White's argument is that the "softest possible recession" is evidence of a concern for realism.
Unfortunately, the image shown above is the largest one that I could find on the internet, and that recession is too soft for me to even notice it.
Could it possibly confirm White's thesis about the painting on the opposite wall, done by a different artist?
The essential qualities of the new perspective scheme developed by Maso are of some significance. The method marks a definite attempt to break down the cleavage in the treatment of interior and exterior space which was observed when dealing with the work of Giotto. The same rules are applied to both, though somewhat tentatively in the case of the interiors. The bases of these rules are in each case the central position and the moving eyes of artist and spectator. This unification of constructional method also betrays a further stage in a fundamental change of attitude that is historically most important. The concentration on the solid object, which previously dominated the growing awareness of the natural world, is giving way to the idea of space itself, of the void within which objects are contained. The new conception does not triumph until the fifteenth century.

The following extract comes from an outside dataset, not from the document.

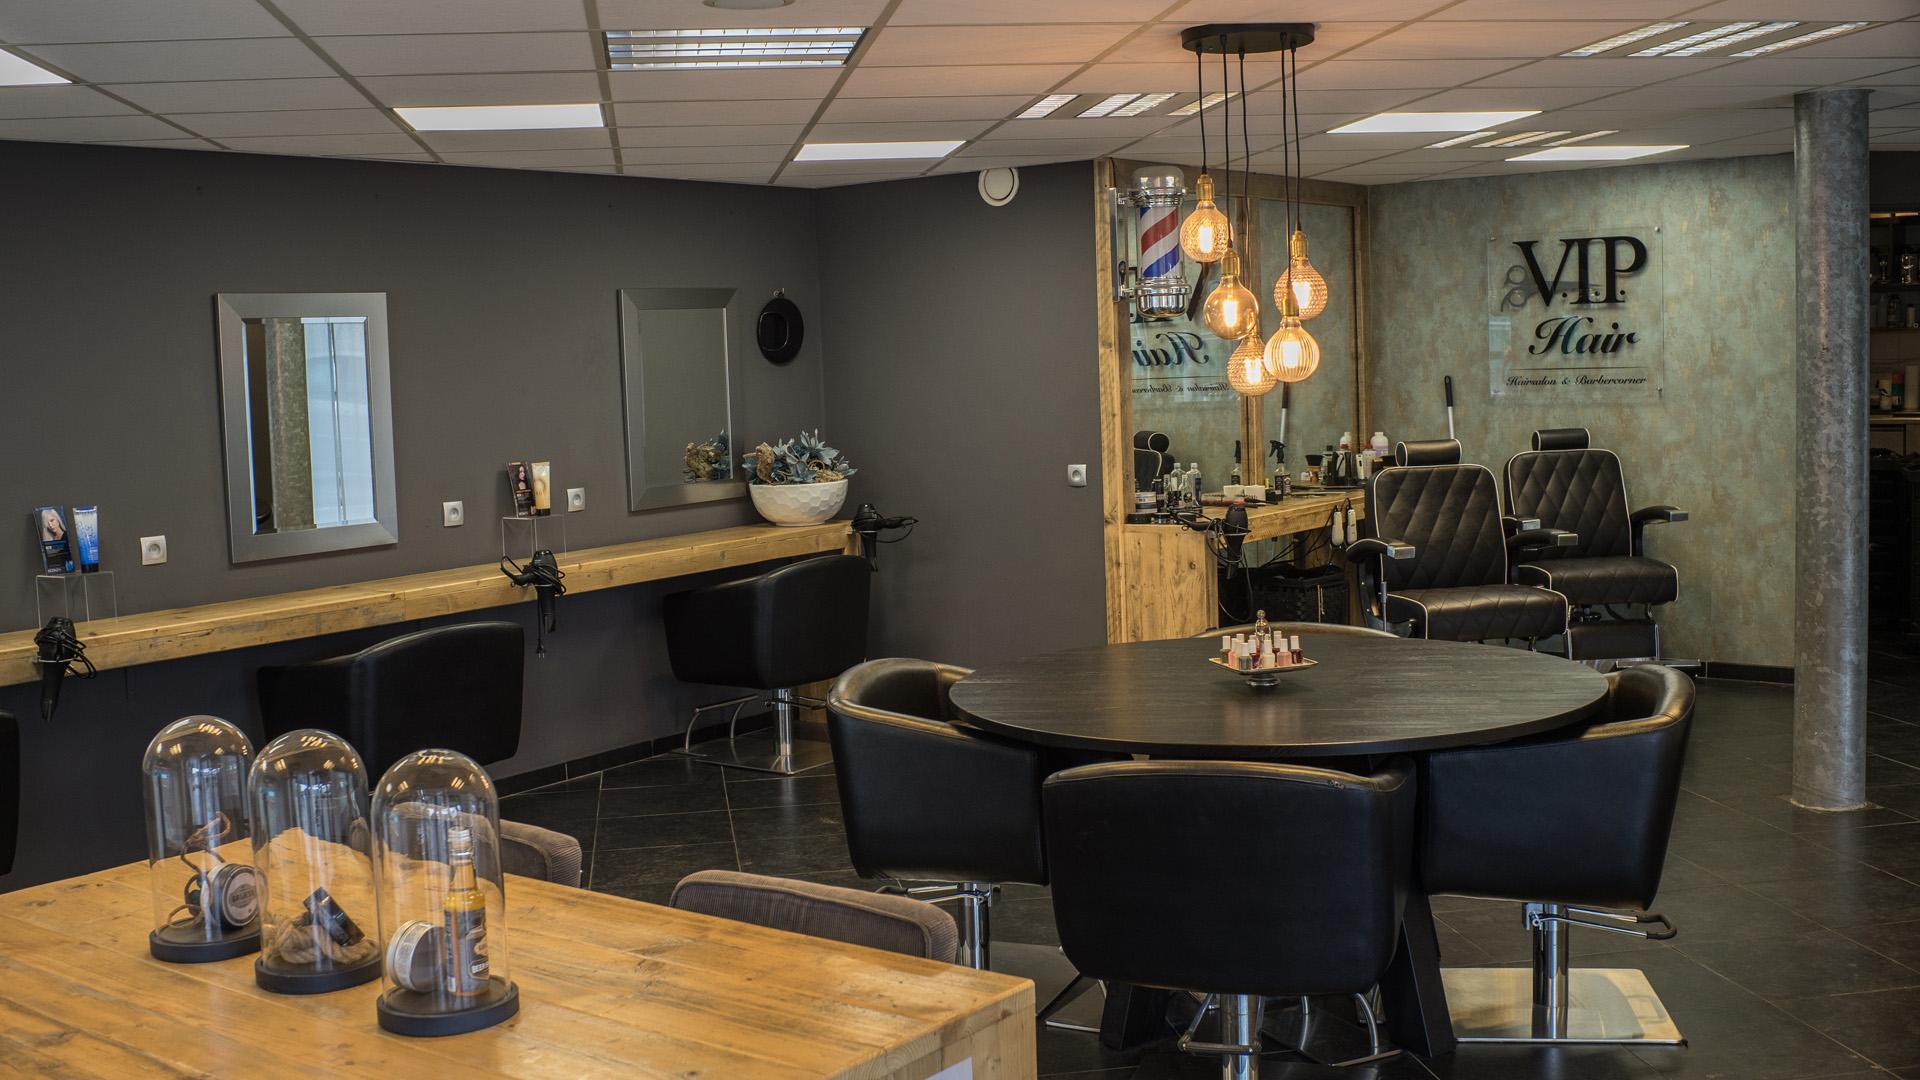 Vip Hair Hair Salon Barber Corner In Kaatsheuvel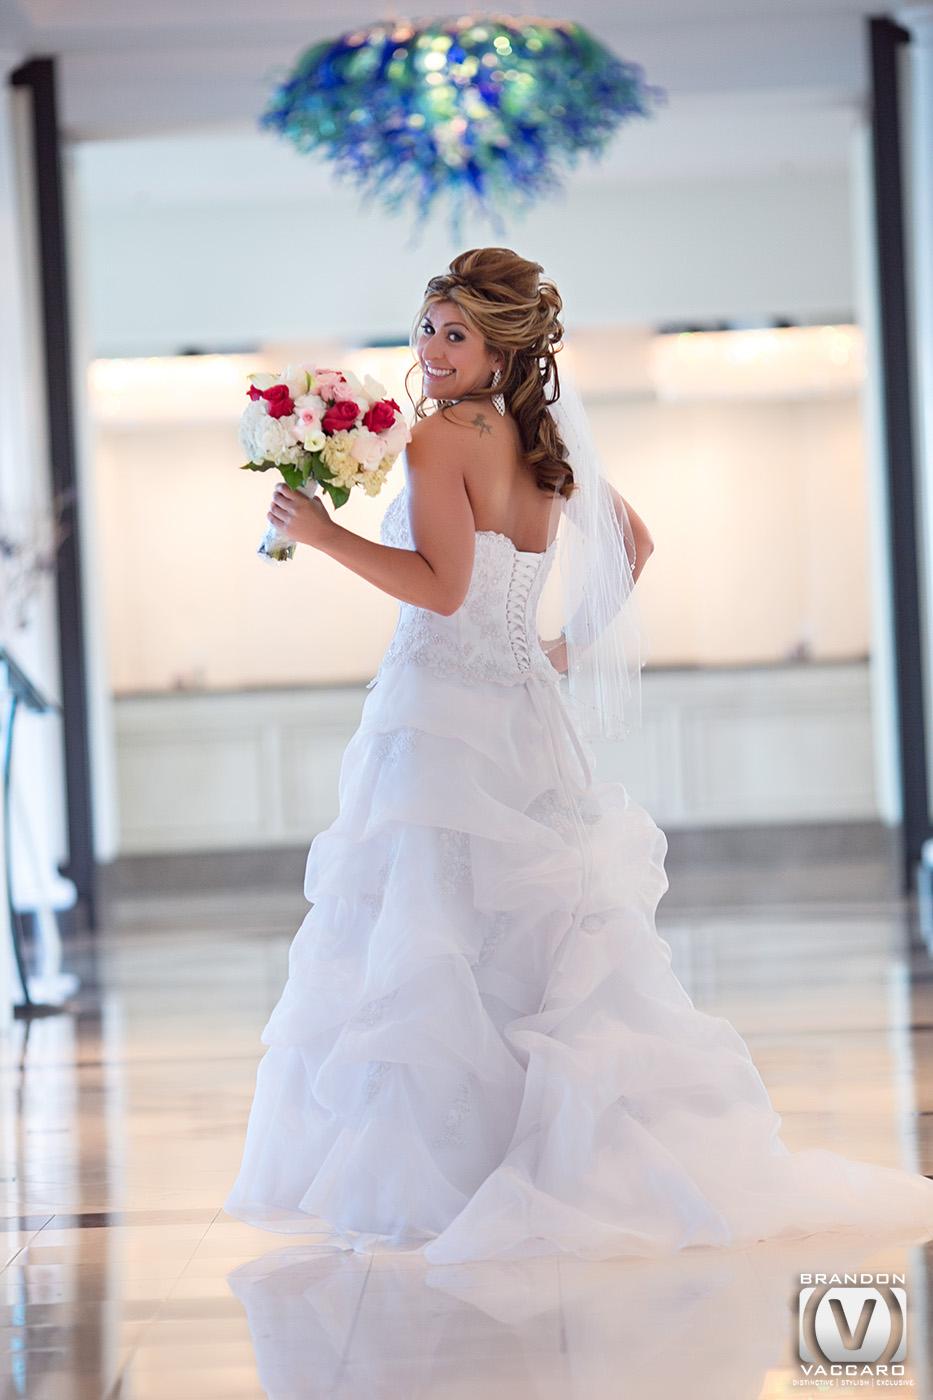 real-wedding-bride-hotel-sofitel-san-francisco-bay-luxury-hotel-redwood-city.jpg

Empty space seems, to me, to have an especially dramatic effect in "St. Sylvester and the Dragon" as well as many paintings by Giotto in the Arena chapel.
Whether the painting exhibits a single POV seems to be irrelevant to that effect.

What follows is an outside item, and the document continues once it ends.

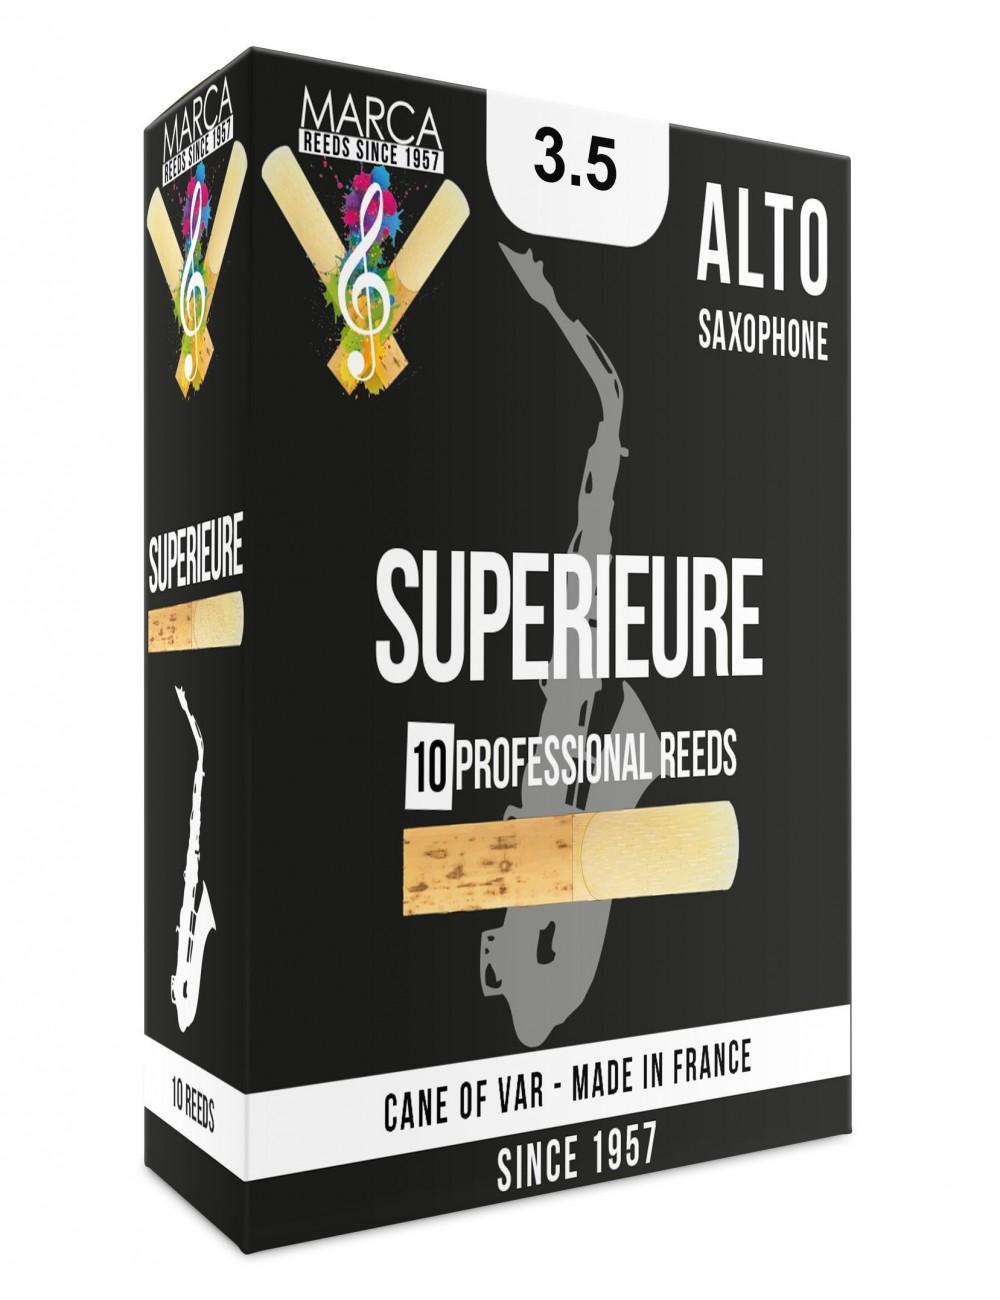 10 ANCHES MARCA SUPERIEURE SAXOPHONE ALTO 3.5

It is, however, symptomatic of the beginning of a shift in emphasis that, for the first time, a construction has been evolved which, without abandoning the oblique view of the individual object, contains the possibility of a vista down a street that runs directly into depth.
This new potential, not yet realized by Maso, is diagrammatically illustrated in Fig. 2, c
The diagram also indicates a third essential point about the new construction. Whilst the compromise with the plane surface, developed by Giotto, is still retained, a large group of objects can now be represented without forcing on the artist the attendant problem of an equal number of emphatically separate viewpoints. True to the empirical nature of fourteenth-century perspective Maso does not achieve a methodically developed single viewpoint in the scene of ‘St. Sylvester and the Dragon’ . Even so, there is a definite move in that direction. The impression, if not the technical reality, of a single viewpoint is almost achieved.

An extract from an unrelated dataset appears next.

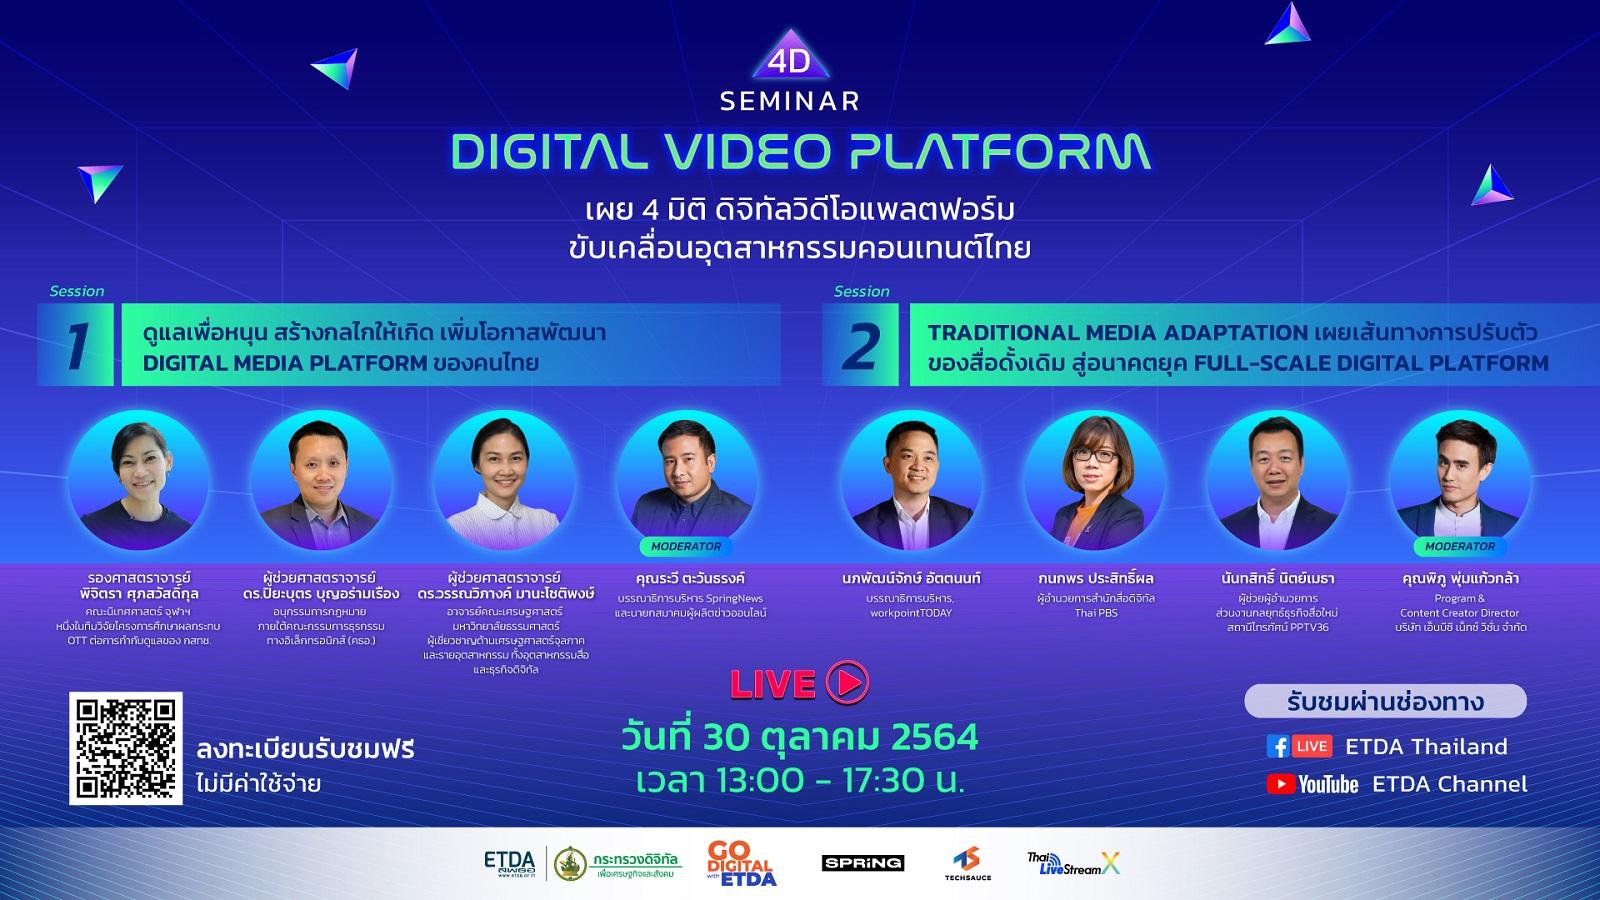 ETDA เตรียมจัด Digital Video Platform Seminar 4D เผยความเปลี่ยนแปลงในดิจิทัลวิดีโอแพลตฟอร์ม ที่ขับเคลื่อนอุตสาหกรรมคอนเทนต์ไทย

During the first quarter of the fourteenth century the single object, in its realistically oblique setting, gradually regained, as far as possible, the compositional and formal qualities of the foreshortened frontal setting, which was, for the moment, largely superseded. With Maso the reconquest is extended to the group. The oblique setting is incorporated in a system which assimilates some of the most desirable formal qualities of its rival without sacrificing its own identity. The artistic frontiers opened by this evolution are, significantly, exploited only by one great contemporary of Maso. This artist is Ambrogio Lorenzetti, in whom the Sienese and Florentine traditions are united.
This "artistic frontier" has been opened by nothing more than presenting an oblique construction with a very gentle recession.